In the Run-code, locate the call to the getRenderingDatasource pipeline:
CorePipeline.Run("getRenderingDatasource", renderingDatasourceArgs);

Just below you'll see
if (!string.IsNullOrEmpty(renderingDatasourceArgs.DialogUrl) && !AddRendering.IsMorphRenderingsRequest(args))

  {
    ...
    args.Parameters["OpenProperties"] = flag.ToString().ToLowerInvariant();
    SheerResponse.ShowModalDialog(renderingDatasourceArgs.DialogUrl, "1200px", "700px", string.Empty, true);
    args.WaitForPostBack();
  }

This is the spot where the dialog would open. As we don't want this, we add an if-statement within the if-statement from above:

if (!string.IsNullOrEmpty(renderingDatasourceArgs.DialogUrl) && !IsMorphRenderingsRequest(args))
  {
    if (!string.IsNullOrEmpty(renderingDatasourceArgs.CurrentDatasource))
    {
      var datasourceItem = Client.ContentDatabase.GetItem(renderingDatasourceArgs.CurrentDatasource);
      WebEditResponse.Eval(FormattableString.Invariant(
           $"Sitecore.PageModes.ChromeManager.handleMessage('chrome:placeholder:controladded', 
              {{ id: '{itemNotNull.ID.Guid.ToString("N").ToUpperInvariant()}', 
                 openProperties: {flag.ToString().ToLowerInvariant()}, 
                 dataSource: '{datasourceItem.ID.Guid.ToString("B").ToUpperInvariant()}' }});"));
    }
  ...
  }

What are we doing here? First we check if the datasource was set in the arguments before. If so, we want our code and no dialog anymore. We fetch the datasource item from the content database. And then the magic: we send the message to Sitecore editor that the control was added, just the way it does when a rendering was completely set (see the code a few lines below in the original AddRendering). The trick is to make sure all parameters are set correctly:

  • the ID of the rendering that was added as digits ("N")
  • a value indicating whether the properties window should be opened - this is true/false and is send without any quote
  • the ID of the datasource item as guid with braces ("B")
If any of the parameters are faulty, you will get an error on the call to "Palette.aspx" and the rendering will not be added (you will also see an error popup in the browser).

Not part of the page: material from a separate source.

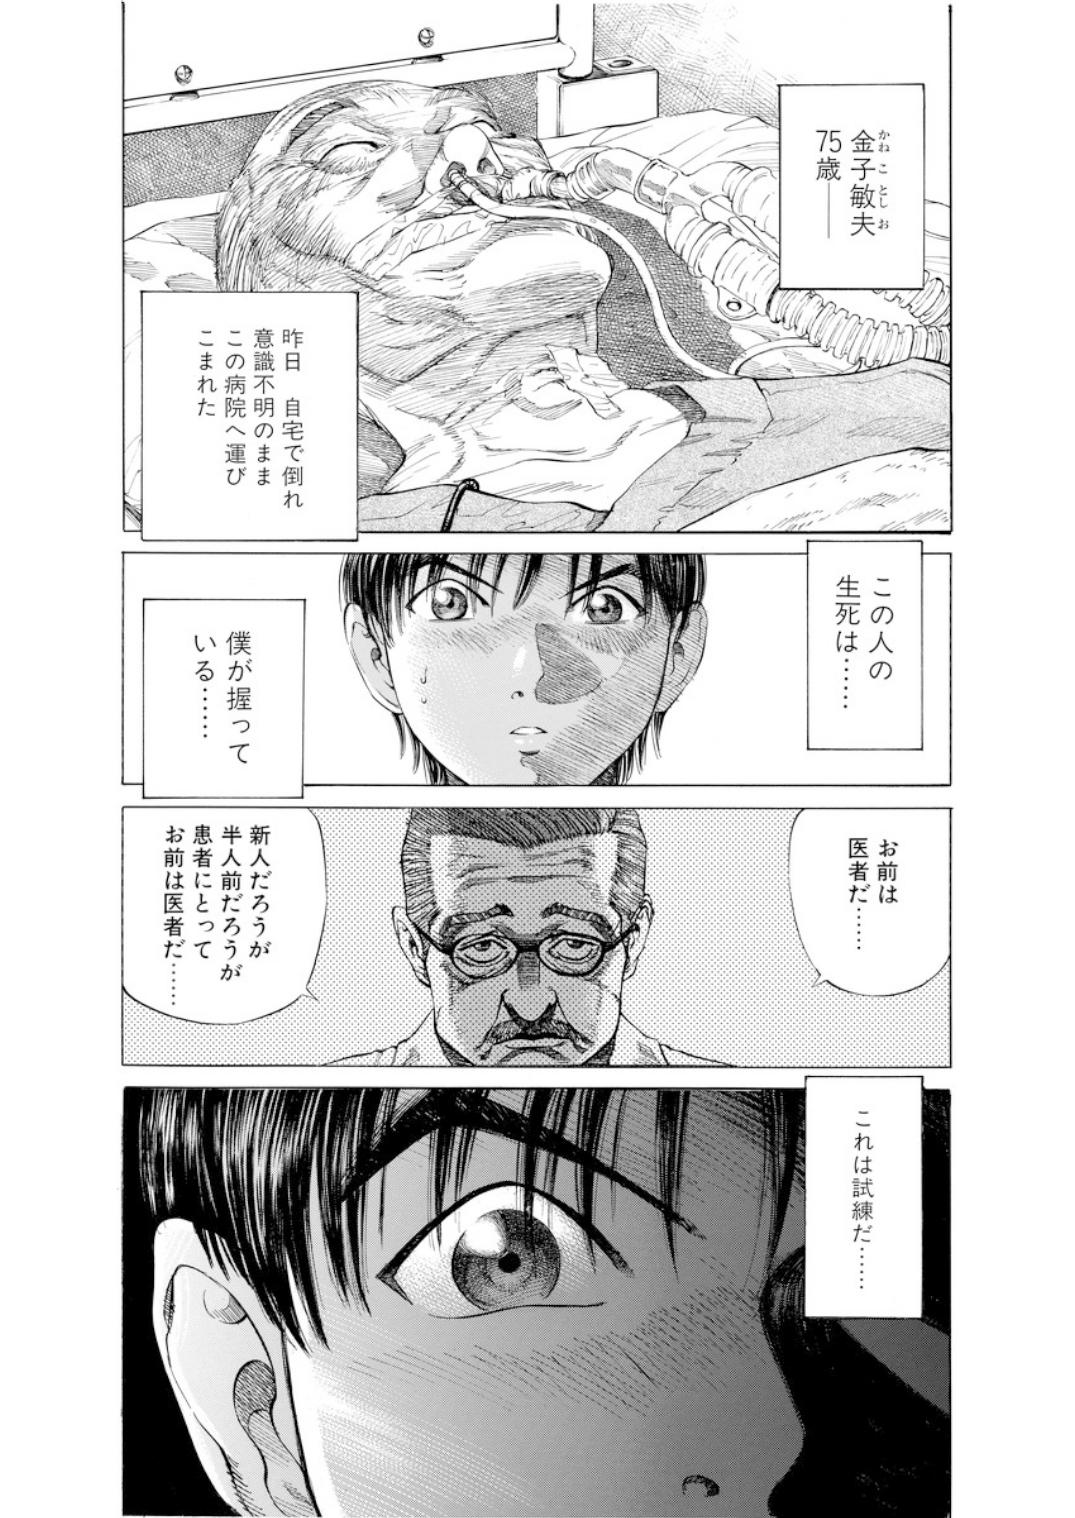 001bj_page-0083.jpg

As we send the value for the properties window as for all other renderings, we can keep that functionality as is. It will react on the value set when the rendering was selected (which can be tweaked on the rendering definition item itself if you don't want to leave that choice to your editors).

Configuration

You need to tell Sitecore you have a new AddRendering command. Patch the config by creating a new config file in the include folder (make sure it gets added in the end):
<configuration xmlns:patch="http://www.sitecore.net/xmlconfig/">
  <sitecore>
    <commands>
      <command name="webedit:addrendering" type="YourNamespace.YourClass, YourSolution" patch:instead="*[@name='webedit:addrendering']" />
    </commands>
  </sitecore>
</configuration>

Wrap it up


This code will probably (as it was for me) be a part of a bigger solution and is not a fully working code set. If you have any questions, you can find me on Sitecore Slack or sitecore.stackexchange.com ;)

One question that apparently does pop up is how to set the datasource. Setting the datasource when a rendering is added can be done in the getRenderingDatasource pipeline, which is called in the command as we saw. Create an extra processor and add the datasource item to the arguments:
getRenderingDatasourceArgs.CurrentDatasource = datasourceItem.Paths.FullPath;

One thing to remember though: as we did overwrite some piece of Sitecore code here, you do need to check on every upgrade that all is still valid and you might need to adapt the code. 

1 comment:

  1. Good news: the full solution -a local datasource implementation- will be released to the Sitecore marketplace in the very near future.